INTRODUCTION

Diabetes mellitus type 2 (non-insulin-dependent diabetes mellitus, NIDDM) is an endocrine disease from which approximately 366 million people suffer worldwide ¹ . The prevalence of the disease in Iran and Kerman is estimated at 14.4% and 6.5-10.6%, respectively ² , 3. Skin involvement is seen in 30-100% of cases. Occasionally, skin manifestations appear before others, representing a diagnostic screening clue for NIDDM ^{4 - 8} .

Cherry angioma (senile angioma, Campbell de Morgan, CA) is a common vascular neoplasm that usually develops after the third decade of life. It consists of benign proliferation of dilated capillaries and post-capillary venules within the papillary dermis. Early lesions appear as red macules, evolving to red-purplish papules after a few months. They are usually asymptomatic, but bleeding can seldom occur due to trauma.

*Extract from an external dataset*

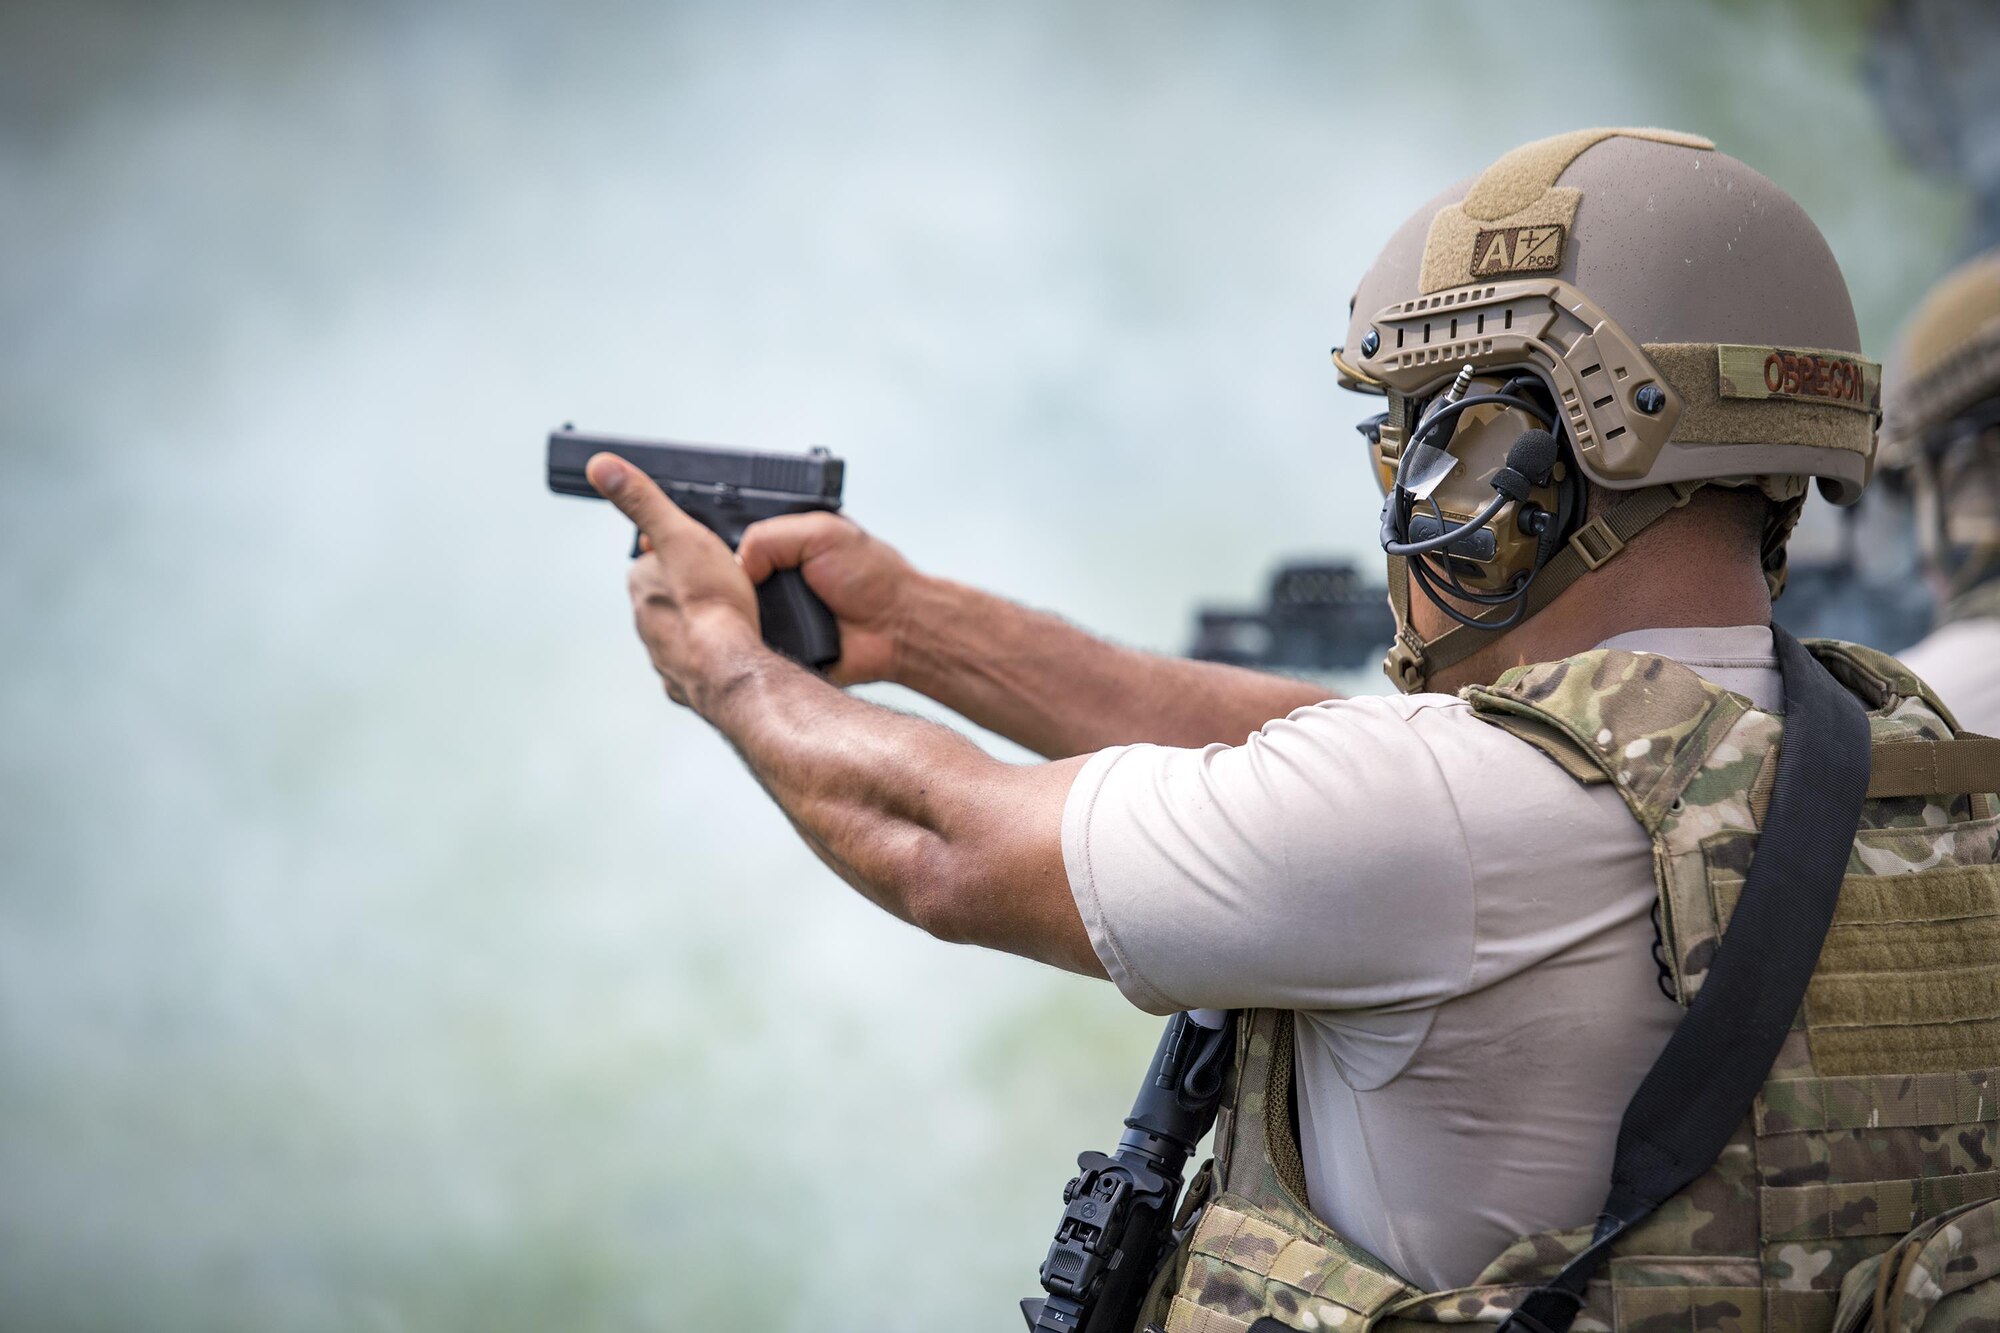 U.S. Air Force Tech. Sgt. Jose Obregon, 347th Operations Support Squadron independent duty medical technician-paramedic, moves through a scenario during a tactical combat casualty care course, Sept. 22, 2016, in Okeechobee, Fla. TCCC culminated with a large-scale ‘active-shooter' event, which required the participants to clear a large area of threats and evacuate multiple patients. (U.S. Air Force photo by Staff Sgt. Ryan Callaghan)

The most common sites of involvement are the torso and extremities. The incidence of CA in children is extremely low (2%); on the contrary, half of adults over 40 have at least one CA lesion ^{9 - 11} . The pathogenesis is not well understood, but factors including genetic background, tropical climates, aging, hormonal effects (hyperprolactinemia and pregnancy), immune suppression due to cyclosporine, liver transplantation, graft versus host disease (GVHD), viral etiology (human herpes virus 8), chemical exposure (mustard gas, bromide, and 2-butoxyethanol), and malignancy (lymphoproliferative neoplasm and skin tumors) have been proposed. Subjects with CA have increased mast cells, which can lead to the proliferation of vessels and development of CA due to the primary release of angiogenic markers or degradation of connective tissues ^{10 , 12 , 13} .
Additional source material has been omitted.